■ Assigned task
Please restate word for word the lines of the entries below from the one with "Organic Turmeric Powder - 200gms" to the one with "Sour Rocket Gummies 500MG", inclusive, and leave out every picture.
── Records to use
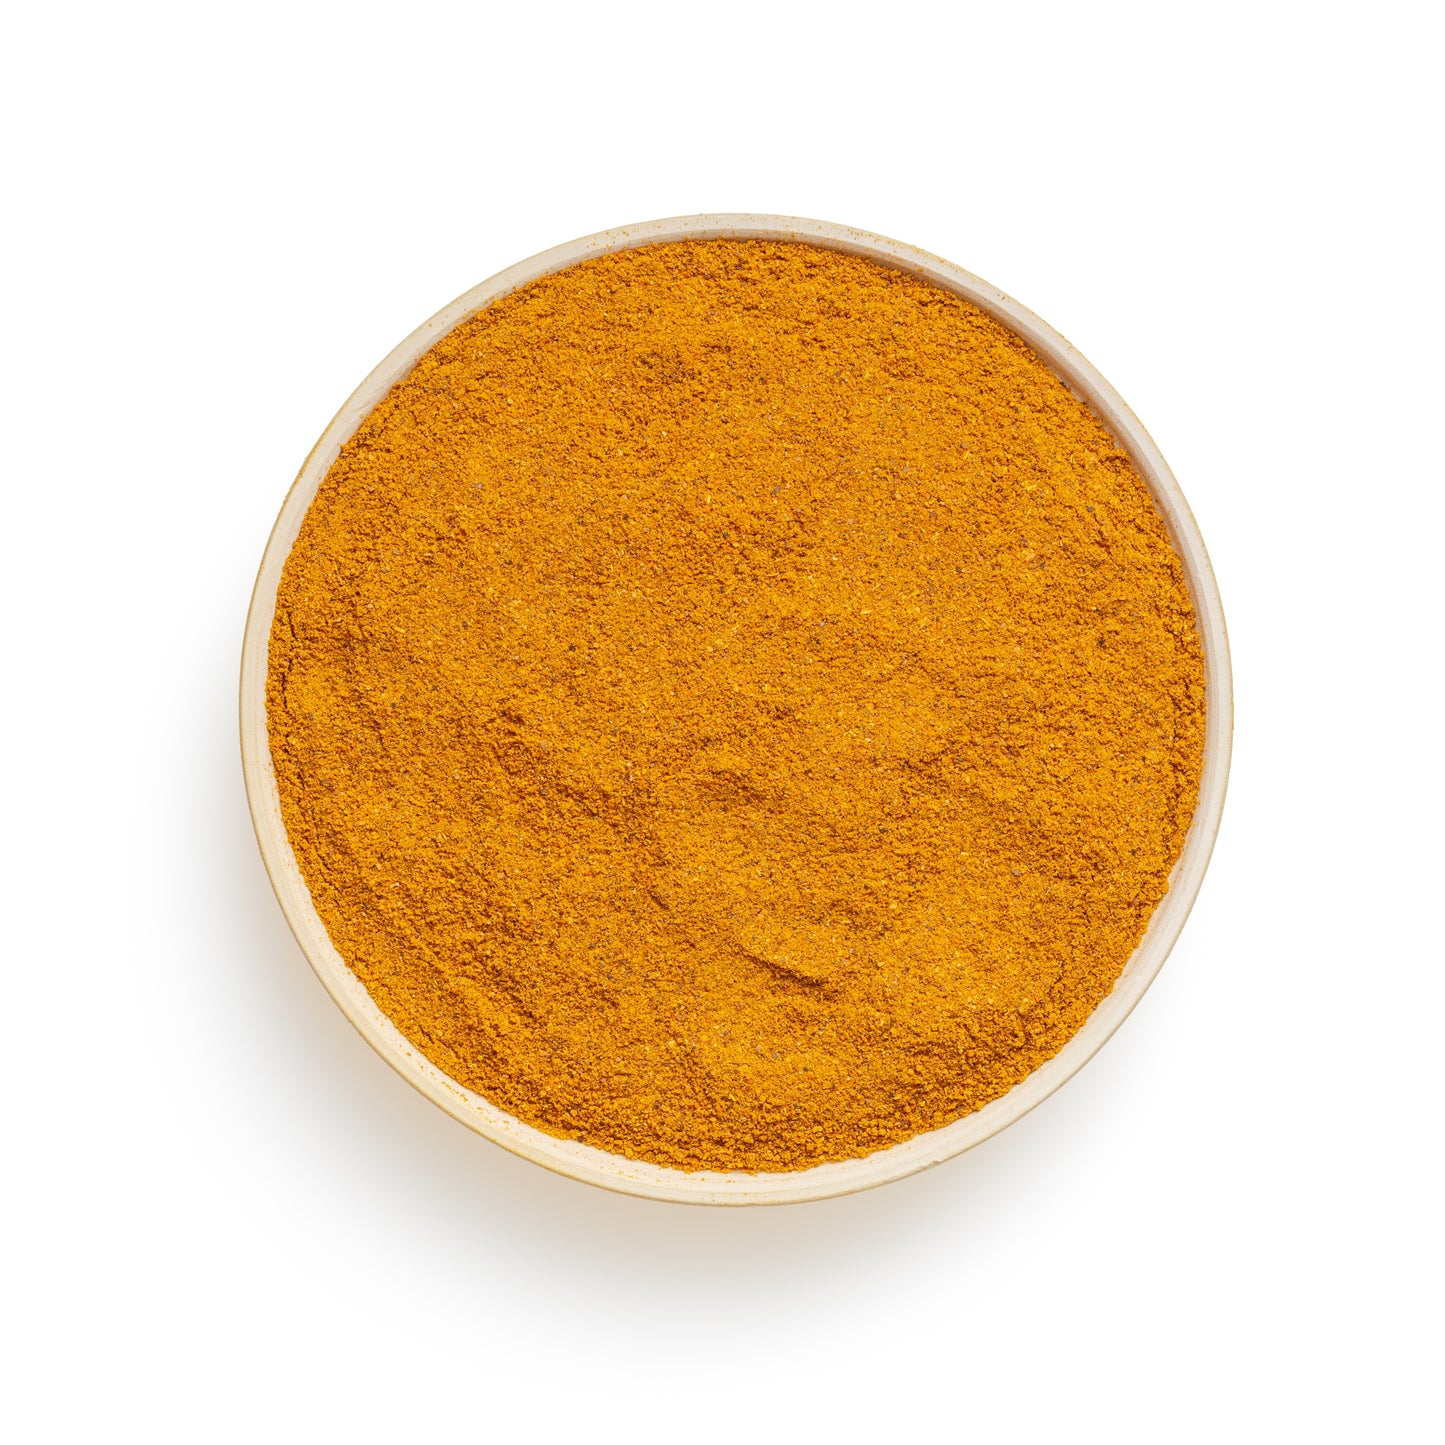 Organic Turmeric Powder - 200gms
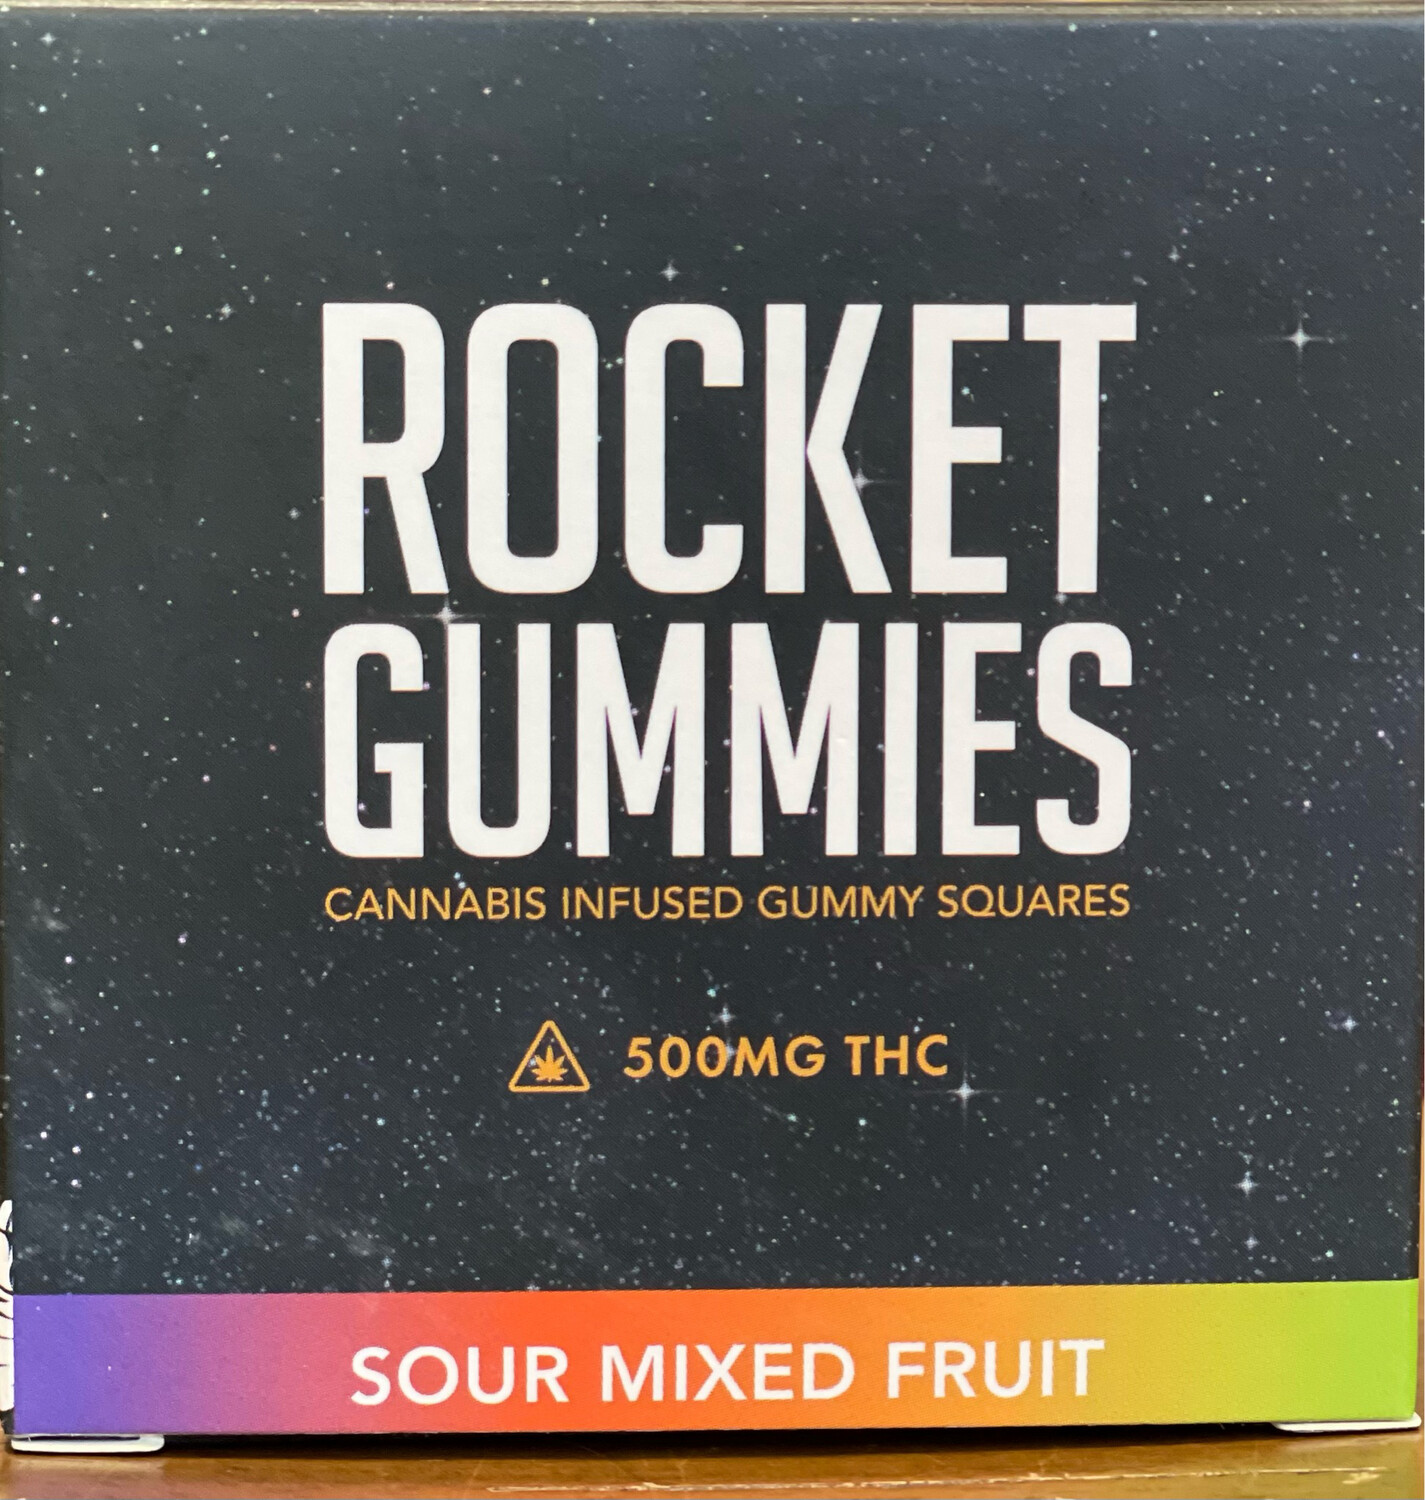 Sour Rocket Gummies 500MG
────
── Records to use
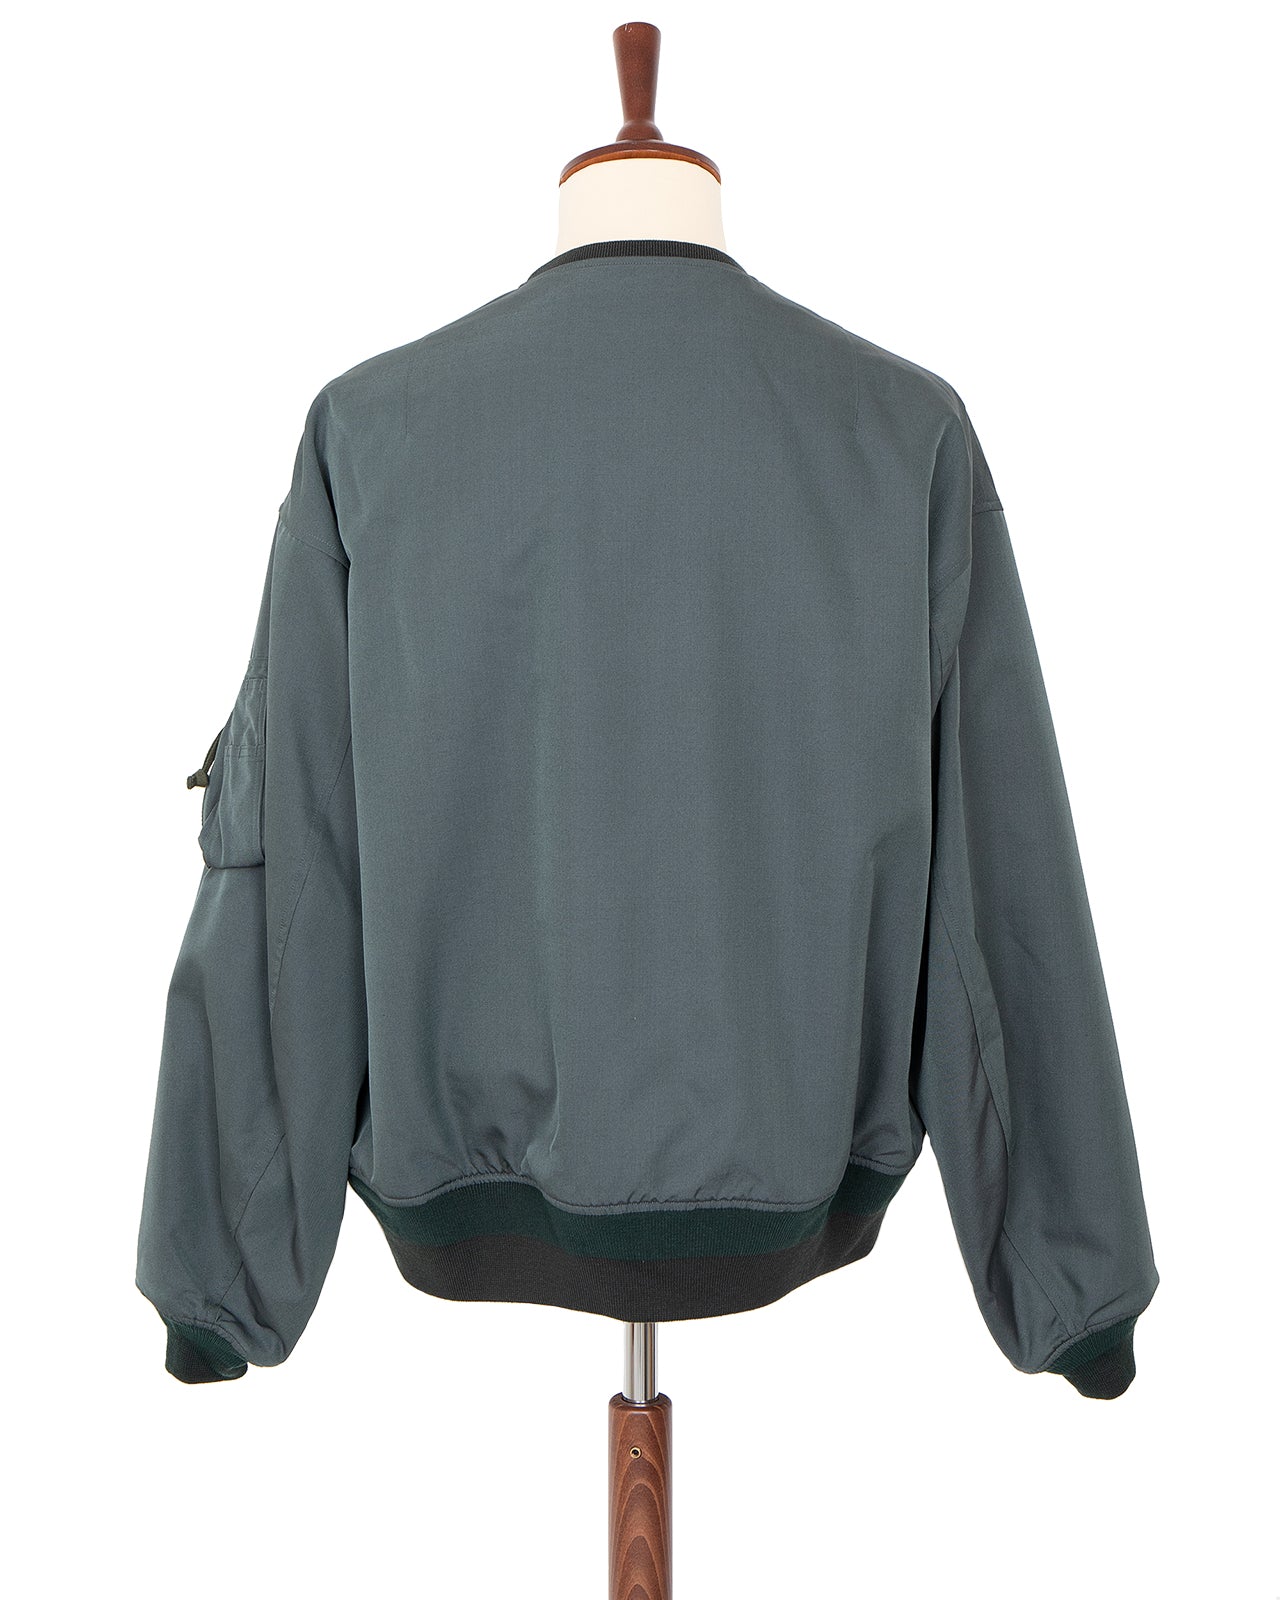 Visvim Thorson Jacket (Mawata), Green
────
── Records to use
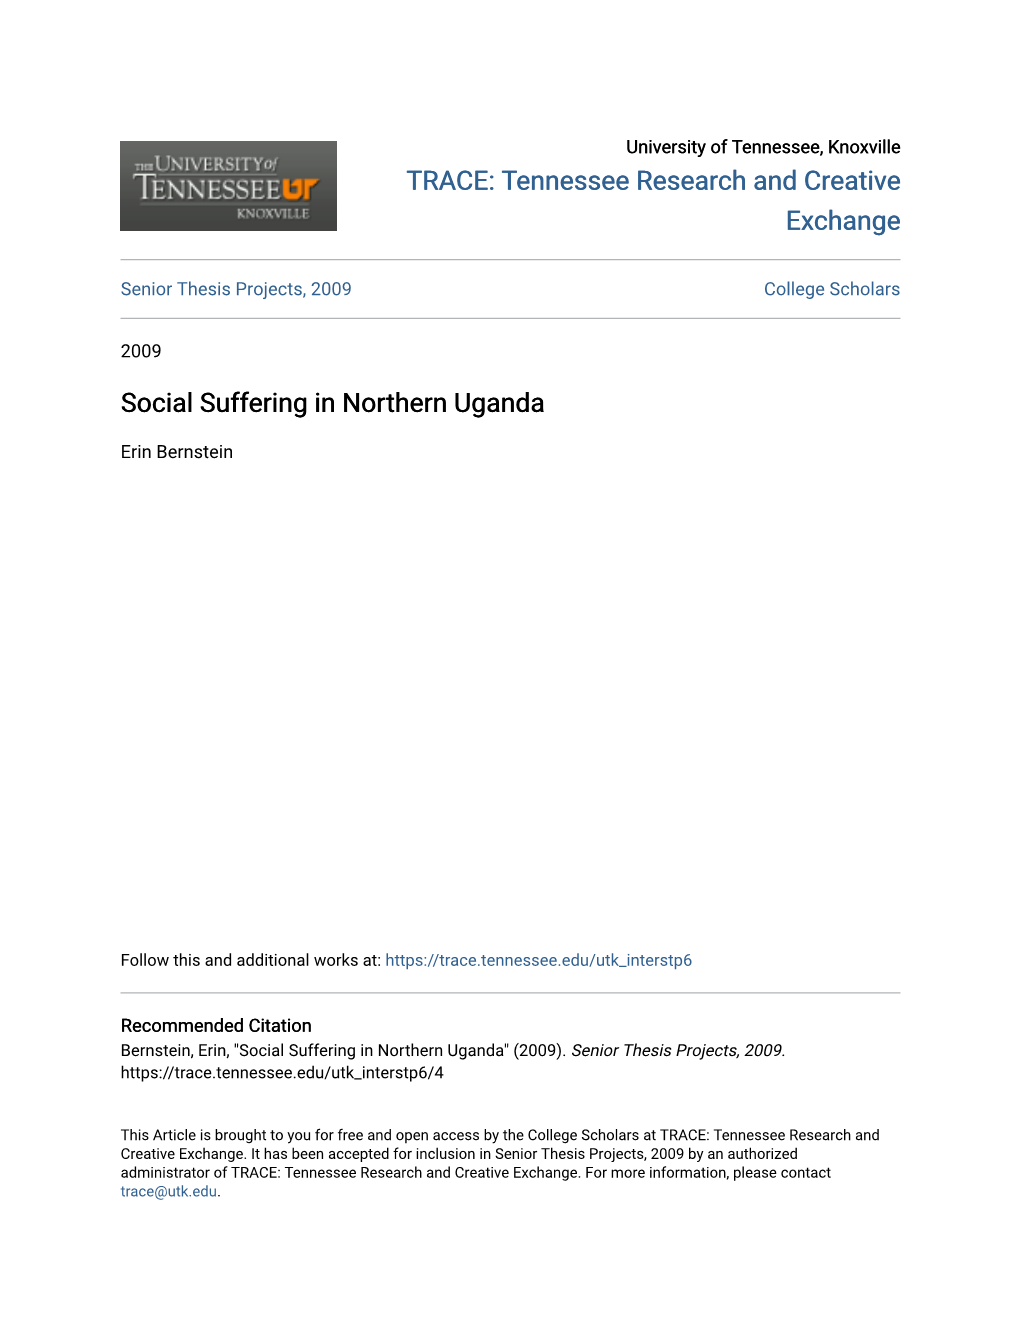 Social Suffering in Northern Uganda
────
■ Solution for this exercise
 Organic Turmeric Powder - 200gms
 Sour Rocket Gummies 500MG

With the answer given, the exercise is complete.